Blog

Meetup Recap | The CKAN Ecosystem: Insights and Analysis from the POSE Team

Our July 2023 CKAN Monthly Live Meetup #19 presented an exclusive deep-dive into the comprehensive work of the POSE Project. Focused on strengthening the CKAN ecosystem, the team has been conducting a thorough analysis of data, engaging in insightful interviews, and hosting participatory workshops, all with the aim to improve CKAN's effectiveness as an open data, open government, and open science platform.
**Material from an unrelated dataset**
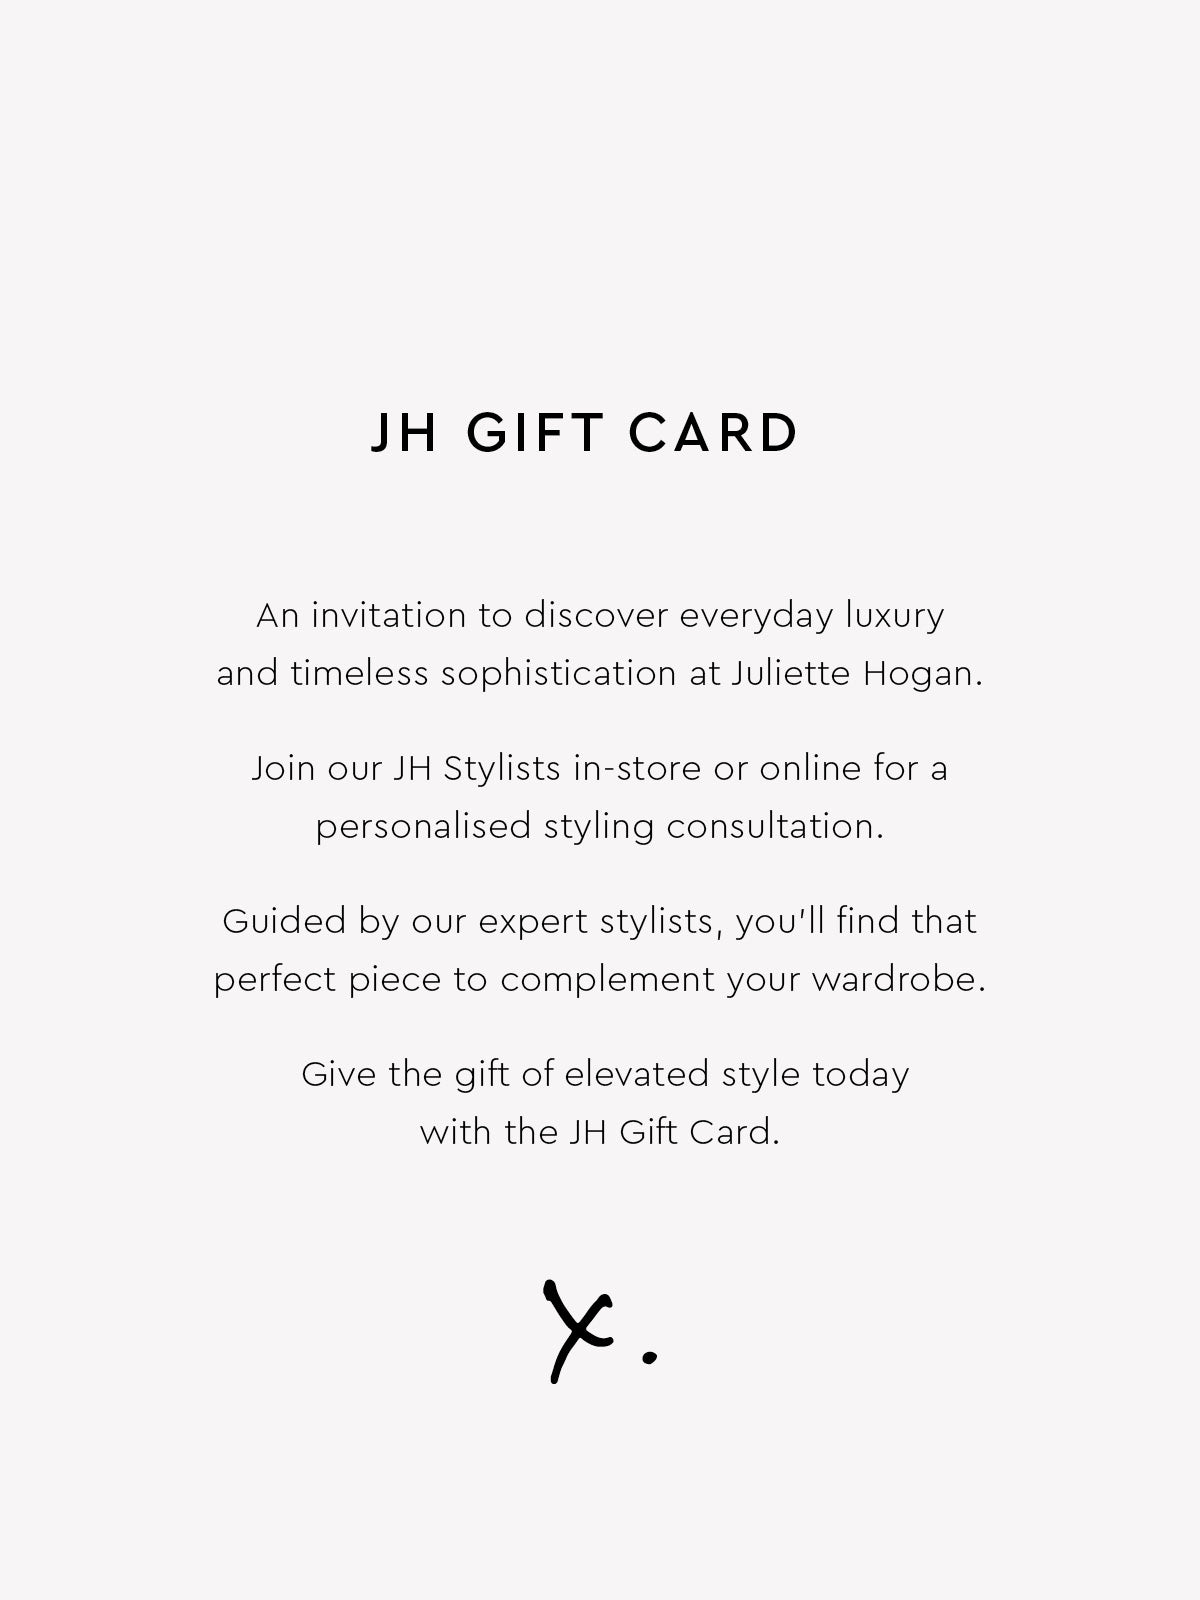 JH $100 Gift Card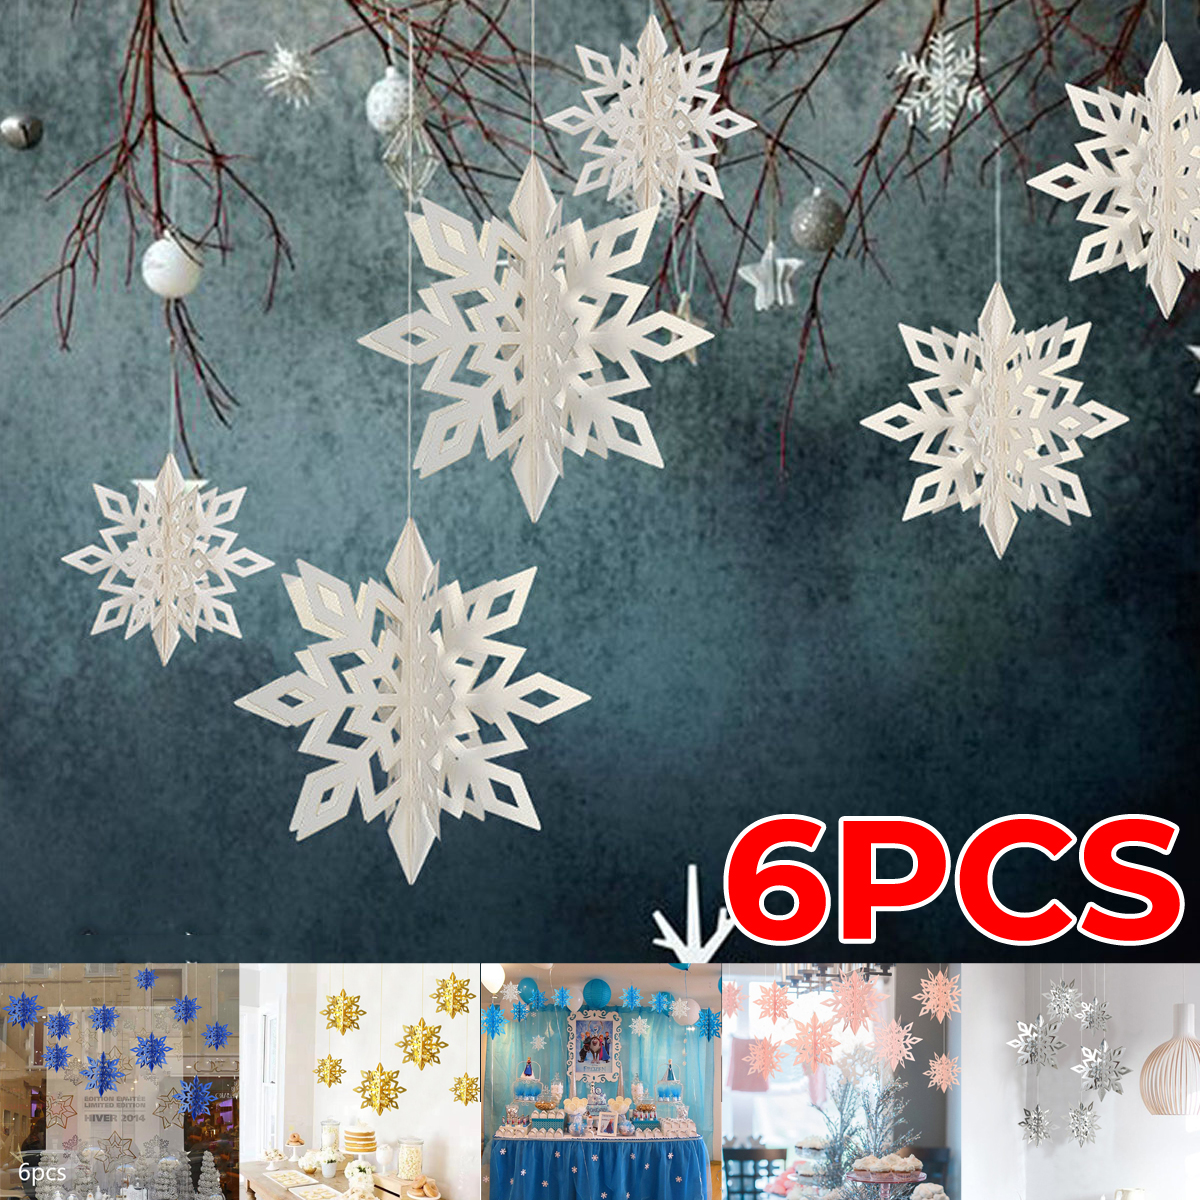 6pcs-Christmas-Party-Hanging-Decoration-Baubles-Xmas-Snowflakes-Home-Bar-Decor-1744746-1

This webinar provided a unique opportunity to delve into their preliminary findings.

CKAN Monthly Live 19.png

  • Eager to get straight into the heart of our latest webinar? Click this link to access the recording.

Our July 2023 CKAN Monthly Live Meetup #19 presented an exclusive deep-dive into the comprehensive work of the POSE Project. Over the past nine months, the POSE Project embarked on an in-depth exploration of the CKAN ecosystem. This marked their first extensive attempt at building relationships within the CKAN community. This in-depth exploration of the CKAN ecosystem by the POSE Project team underlined the power of collaboration and community, shining a light on the critical role they play in navigating its complex dynamics.

An Interactive Session with the POSE Team

The session, led by Bob Gradeck and his colleagues Ross Reilly, Liz Monk, and Elise Silva from the University of Pittsburgh, along with Joel Natividad and Sami Baig from datHere spotlighted their significant contributions to the initiative funded by the U.S. National Science Foundation’s Pathways to Enable Open-Source Ecosystems (POSE) program. Focused on strengthening the CKAN ecosystem, the team has been conducting a thorough analysis of data, engaging in insightful interviews, and hosting participatory workshops, all with the aim to improve CKAN's effectiveness as an open data, open government, and open science platform. This webinar provided a unique opportunity to delve into the preliminary findings of the POSE team's intensive study of the CKAN ecosystem.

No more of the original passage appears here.